What is the difference between UTF8 and utf8mb4 in MySQL?

Source: Internet
Author: User
What does this article bring to you about the difference between UTF8 and utf8mb4 in MySQL? , there is a certain reference value, the need for friends can refer to, I hope you have some help.

First, Introduction

MySQL added this utf8mb4 code after 5.5.3, Mb4 is the most bytes 4 meaning, specifically designed to be compatible with four-byte Unicode. Fortunately, UTF8MB4 is a superset of UTF8, except that there is no need to convert the encoding to UTF8MB4. Of course, in order to save space, the general use of UTF8 is enough.

Ii.

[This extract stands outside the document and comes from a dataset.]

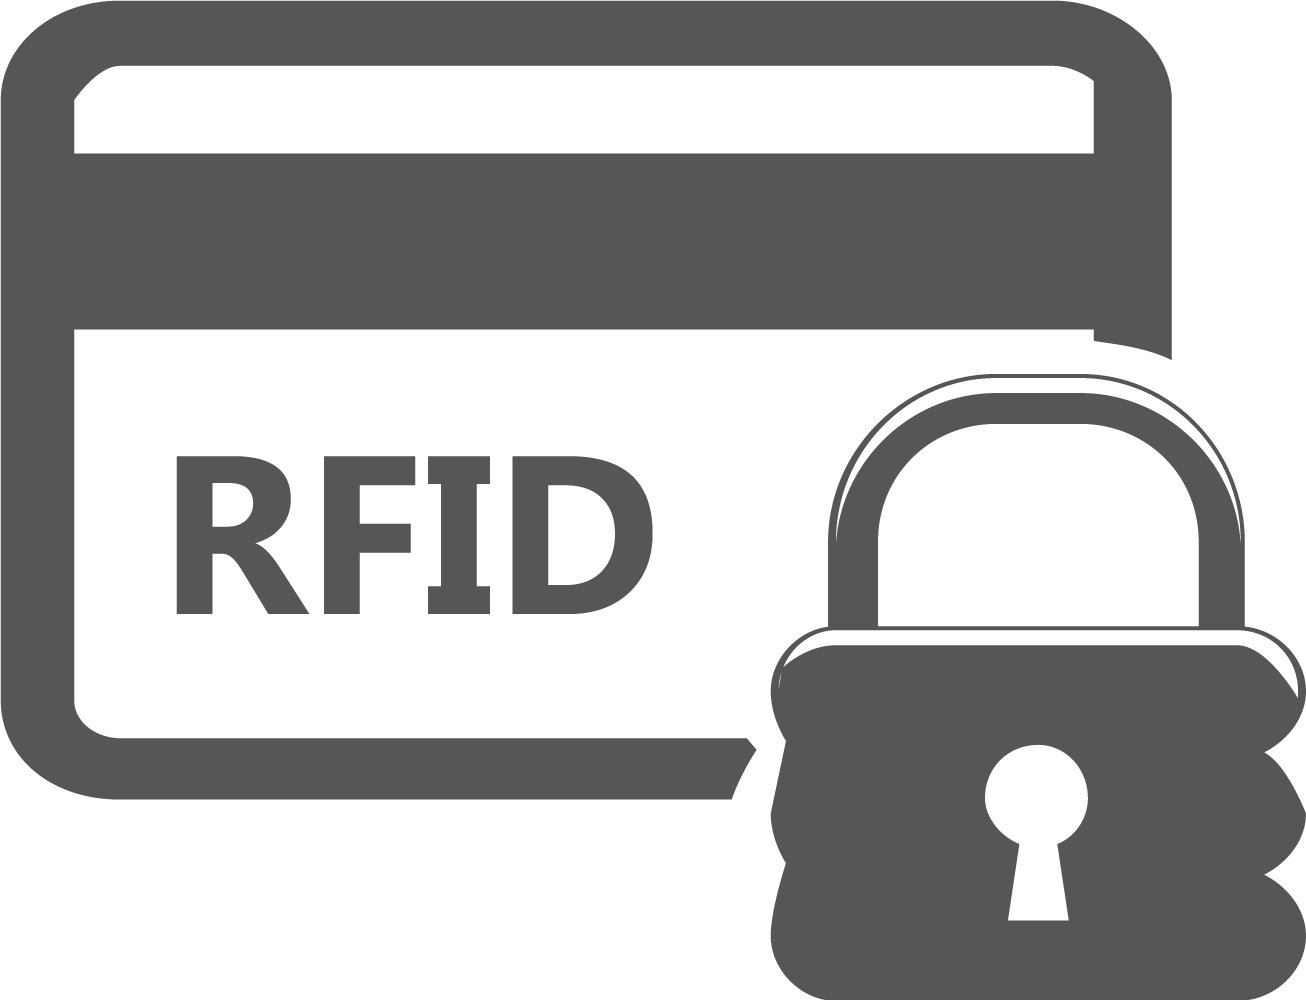 RFID-Schutzhüllen für Karten, Ausweise, Pässe, Handys u. mehr

Description of Content

It says that since UTF8 can save most Chinese characters, why use UTF8MB4? The original MySQL supported UTF8 encoding maximum character length is 3 bytes, if you encounter a 4-byte wide character will insert an exception. The three-byte UTF-8 maximum encoded Unicode character is 0xFFFF, which is the basic Multilingual Plane (BMP) in Unicode. That is, any Unicode character that is not in the base multi-text plane cannot be stored using Mysql's UTF8 character set. Includes Emoji emoticons (Emoji is a special Unicode encoding, common on iOS and Android phones), and a lot of infrequently used Chinese characters, as well as any new Unicode characters and so on.

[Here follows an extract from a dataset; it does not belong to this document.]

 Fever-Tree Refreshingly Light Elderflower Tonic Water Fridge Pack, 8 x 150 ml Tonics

Iii. root causes of the problem

The original UTF-8 format uses one to six bytes and can encode 31 characters maximum. The latest UTF-8 specification uses only one to four bytes and can encode up to 21 bits, just to represent all 17 Unicode planes.

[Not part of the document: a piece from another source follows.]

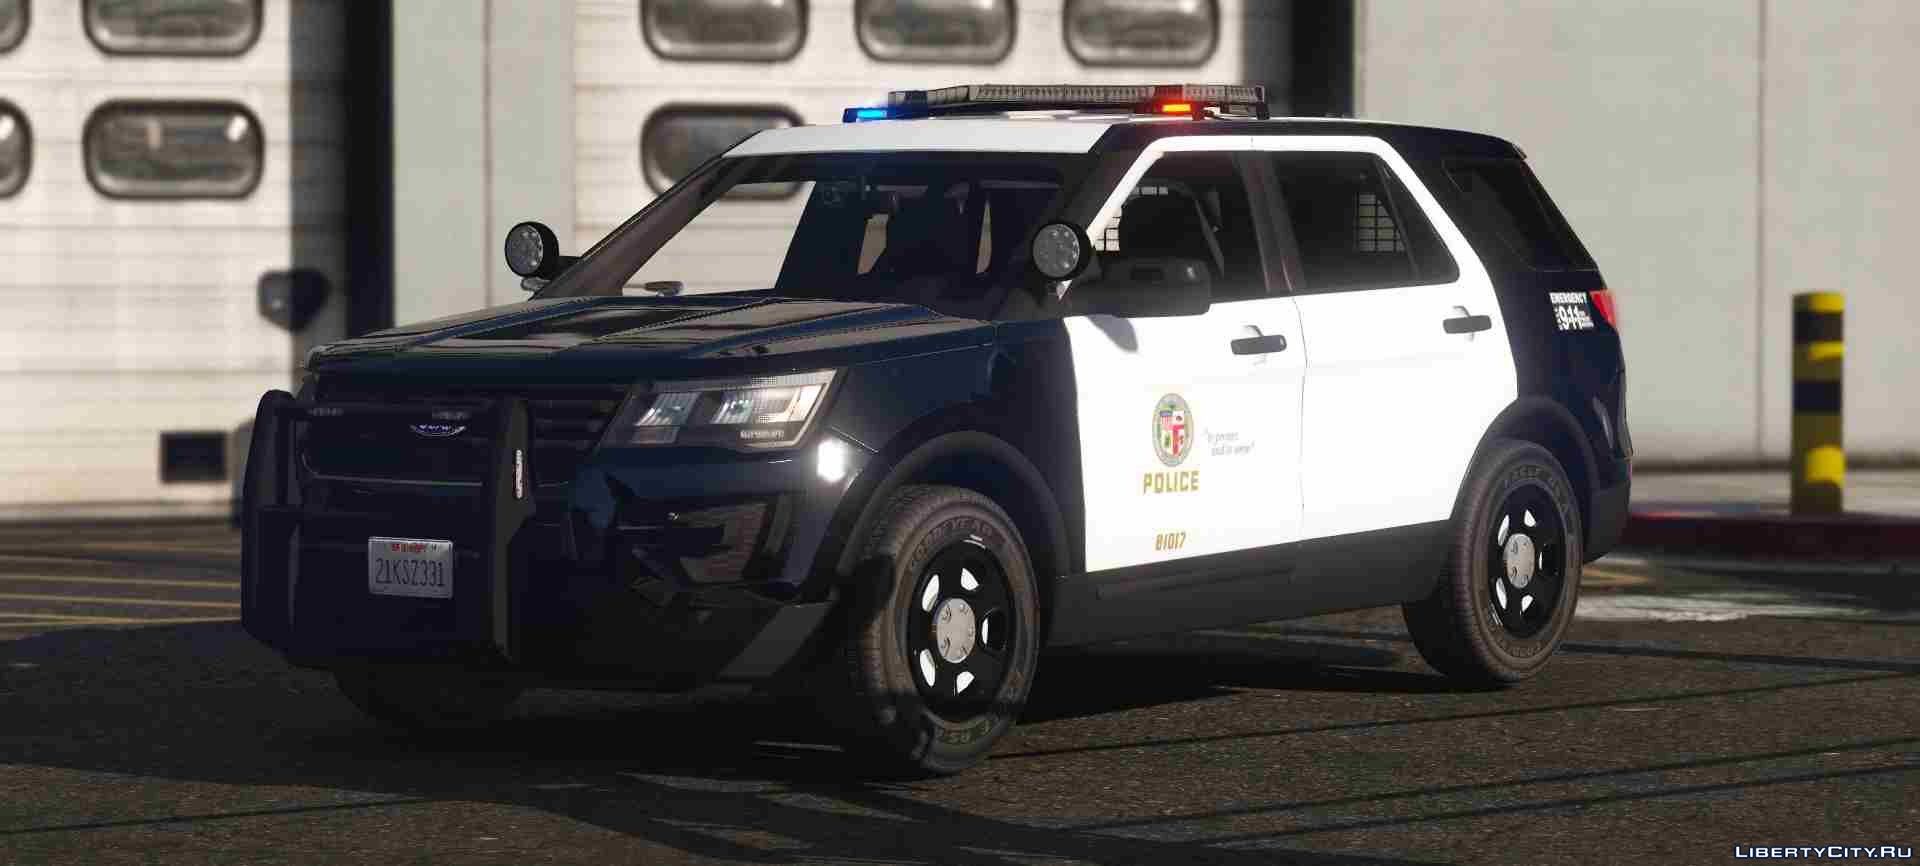 Ford police interceptor utility gta 5 (120) фото

UTF8 is a character set in Mysql that supports only a maximum of three bytes of UTF-8 characters, which is the basic multi-text plane in Unicode.

Why does UTF8 in Mysql only support a maximum of three bytes of UTF-8 characters?
I thought about it, probably because Mysql just started to develop that meeting, Unicode has no auxiliary plane this said. At the time, the Unicode commission was dreaming of "65,535 characters enough for the world". The length of the string in Mysql is counted as the number of characters, not bytes, and for CHAR data types, you need to keep the string long enough. When using the UTF8 character set, the length that needs to be retained is the length of the utf8 longest character multiplied by the length of the string, so it's natural to limit the length of the UTF8 to 3, for example, a CHAR of 300 bytes. As for the subsequent version, why not support the 4-byte length of the UTF-8 character, I think one is for backwards compatibility considerations, there is a basic multilingual plane outside the character is really rarely used.

To save 4-byte-long UTF-8 characters in Mysql, you need to use the UTF8MB4 character set, but only 5.5. After 3 versions are supported (View version: Select version ();). I think that in order to get better compatibility, you should always use UTF8MB4 instead of UTF8. For char type data, UTF8MB4 consumes more space and, according to Mysql's official recommendation, uses VARCHAR instead of char.

Related Article

Contact Us

The content source of this page is from Internet, which doesn't represent Alibaba Cloud's opinion; products and services mentioned on that page don't have any relationship with Alibaba Cloud. If the content of the page makes you feel confusing, please write us an email, we will handle the problem within 5 days after receiving your email.

If you find any instances of plagiarism from the community, please send an email to: info-contact@alibabacloud.com and provide relevant evidence. A staff member will contact you within 5 working days.

A Free Trial That Lets You Build Big!

Start building with 50+ products and up to 12 months usage for Elastic Compute Service

  • Sales Support

    1 on 1 presale consultation

  • After-Sales Support

    24/7 Technical Support 6 Free Tickets per Quarter Faster Response

  • Alibaba Cloud offers highly flexible support services tailored to meet your exact needs.